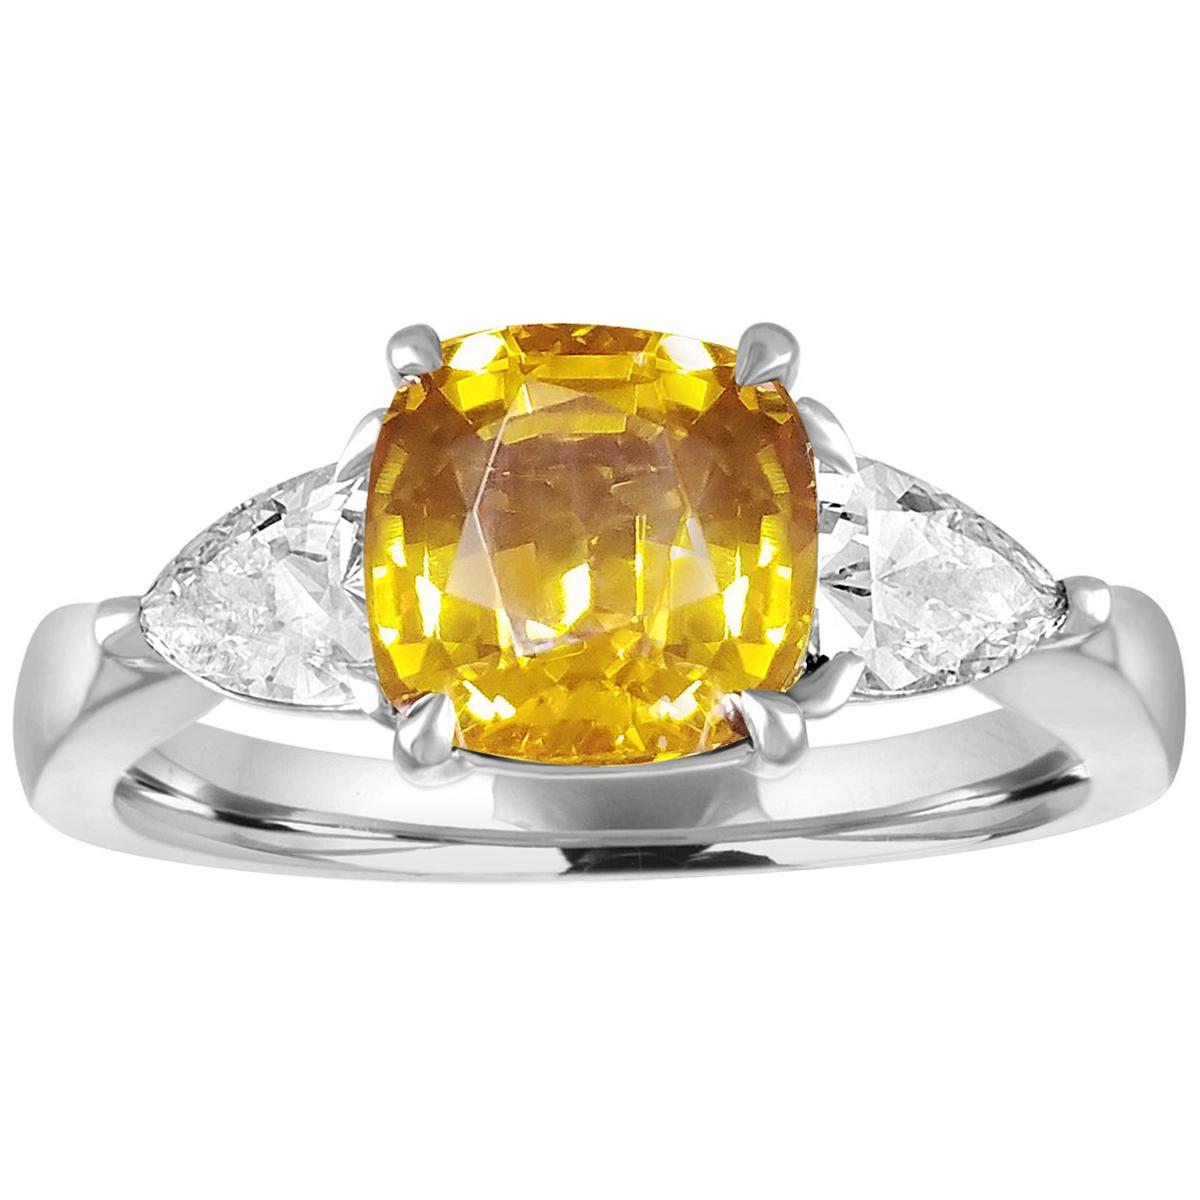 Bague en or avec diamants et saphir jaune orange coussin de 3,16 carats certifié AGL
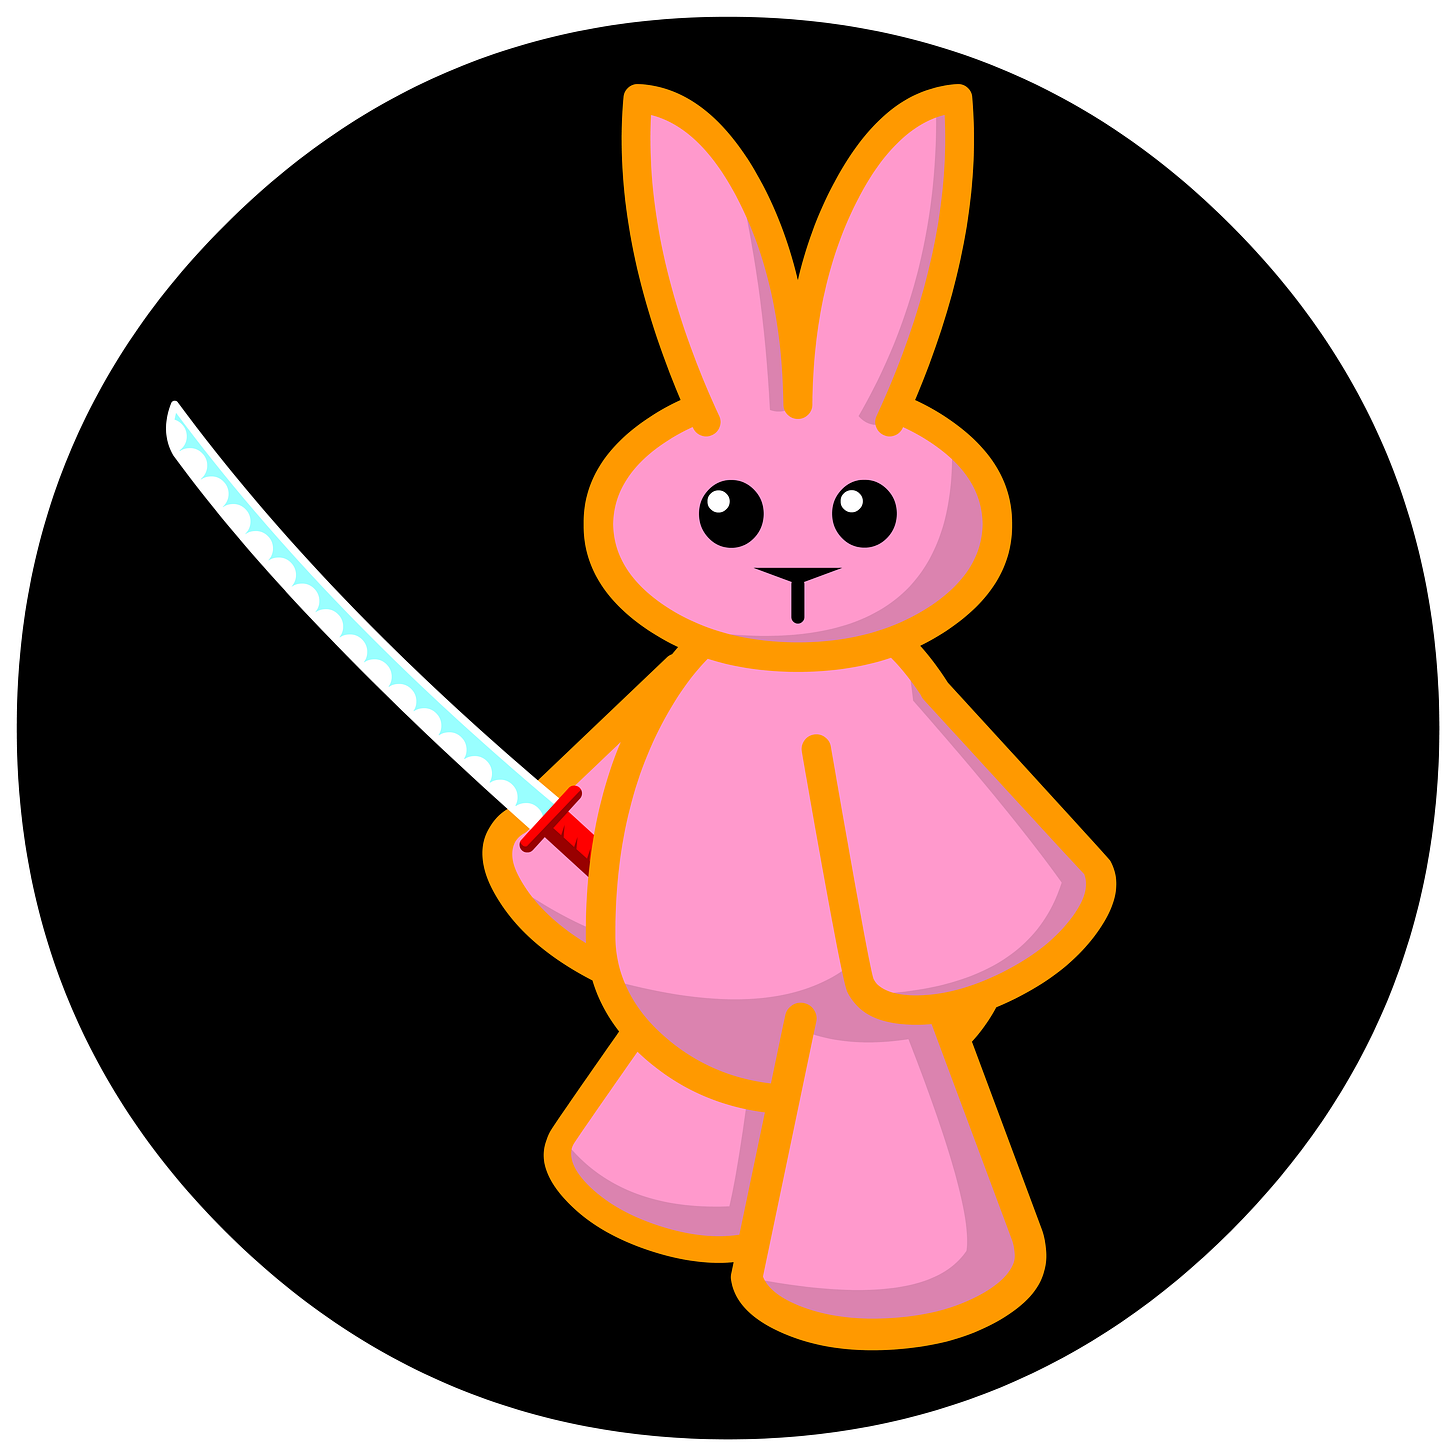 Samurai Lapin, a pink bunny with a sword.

•••••

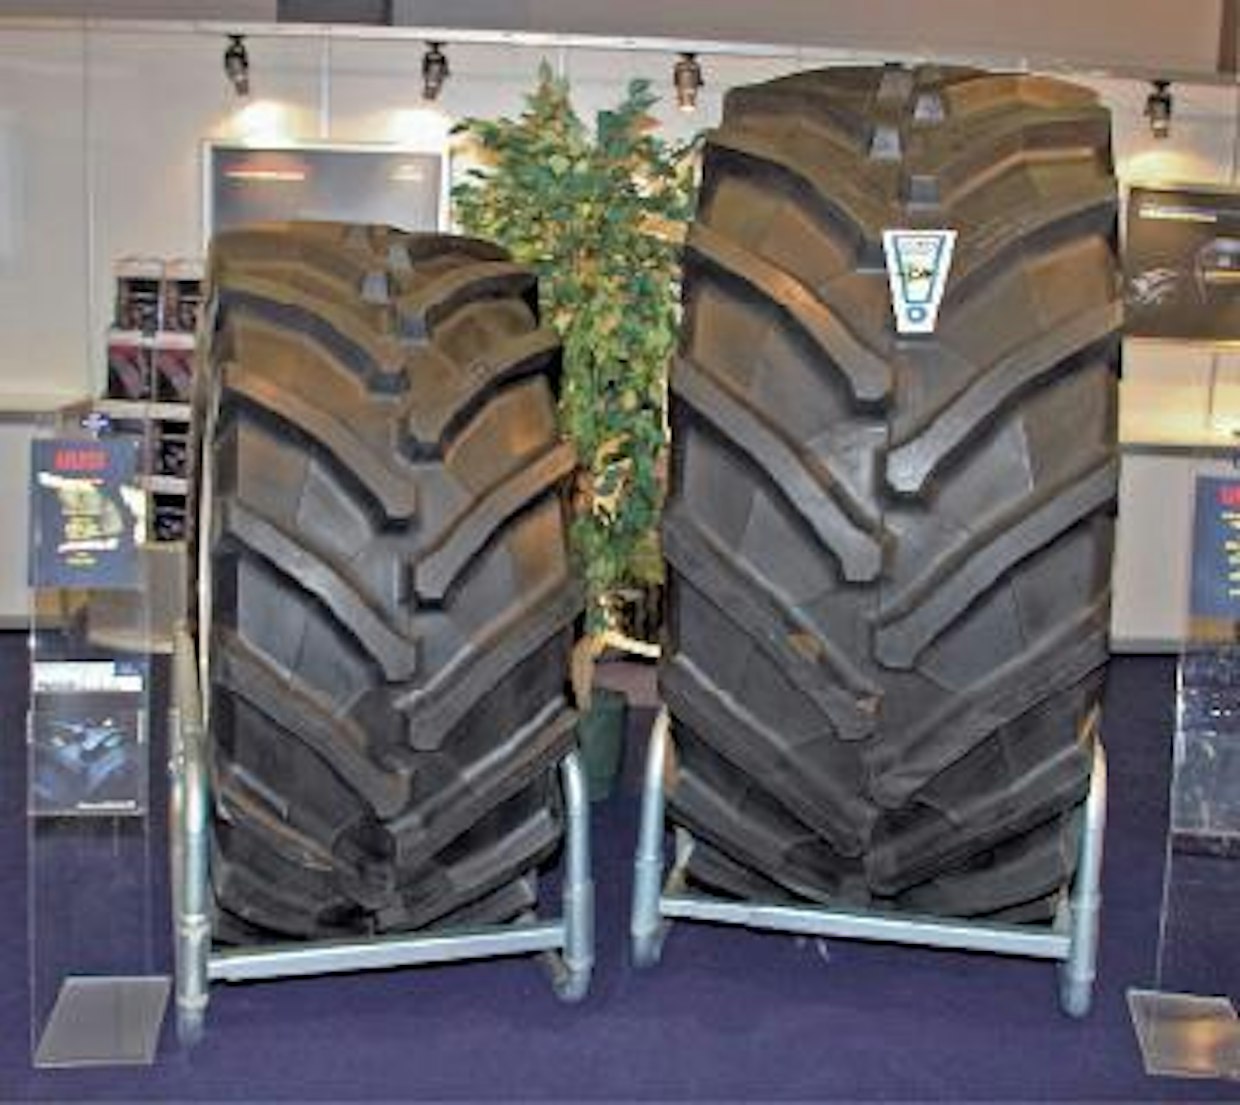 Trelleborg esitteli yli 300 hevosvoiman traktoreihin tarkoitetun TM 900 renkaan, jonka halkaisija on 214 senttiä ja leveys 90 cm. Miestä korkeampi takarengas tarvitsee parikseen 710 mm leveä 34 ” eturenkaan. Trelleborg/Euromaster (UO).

•••••

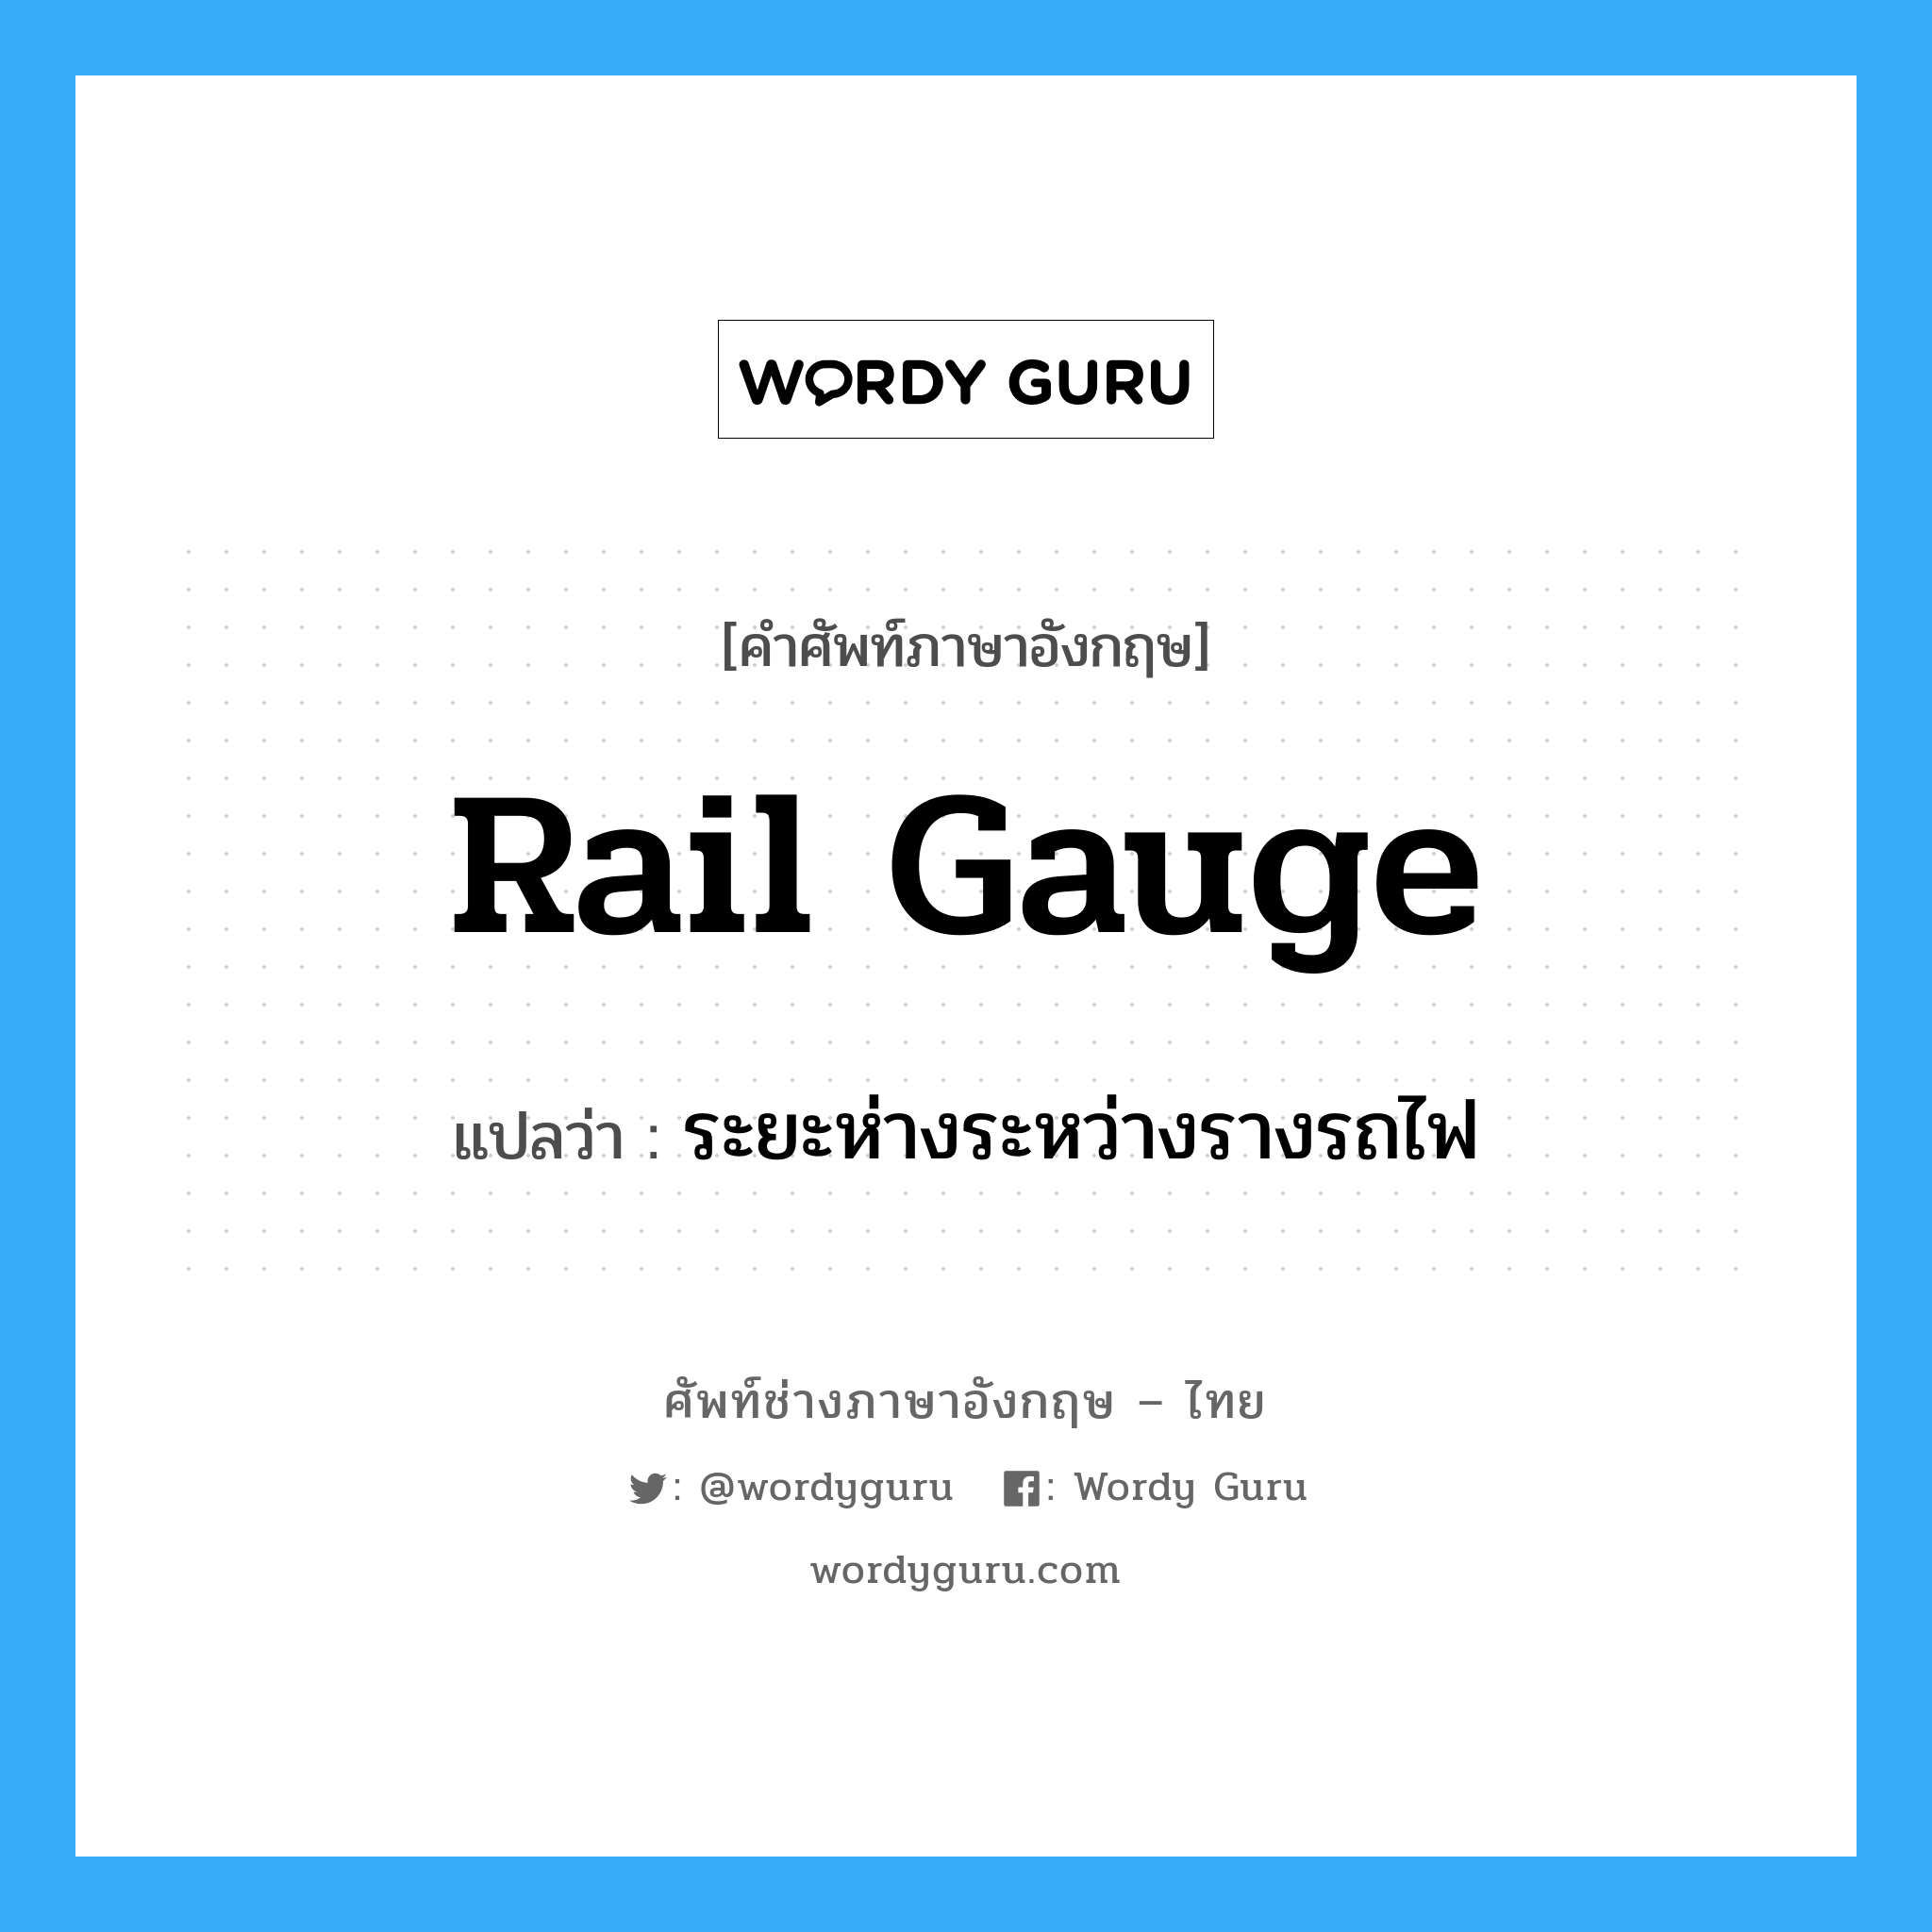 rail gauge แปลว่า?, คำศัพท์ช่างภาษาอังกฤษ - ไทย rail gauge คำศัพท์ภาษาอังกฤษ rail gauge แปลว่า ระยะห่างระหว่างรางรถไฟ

•••••

## AIM OF THE EXERCISE
Copy the listing above exactly, but only from the line with "Bague en or" through the line with "Samurai Lapin, a pink bunny with a sword.", including those two lines and excluding any picture.

## OUTPUT FOR THIS TASK
 Bague en or avec diamants et saphir jaune orange coussin de 3,16 carats certifié AGL
 Samurai Lapin, a pink bunny with a sword.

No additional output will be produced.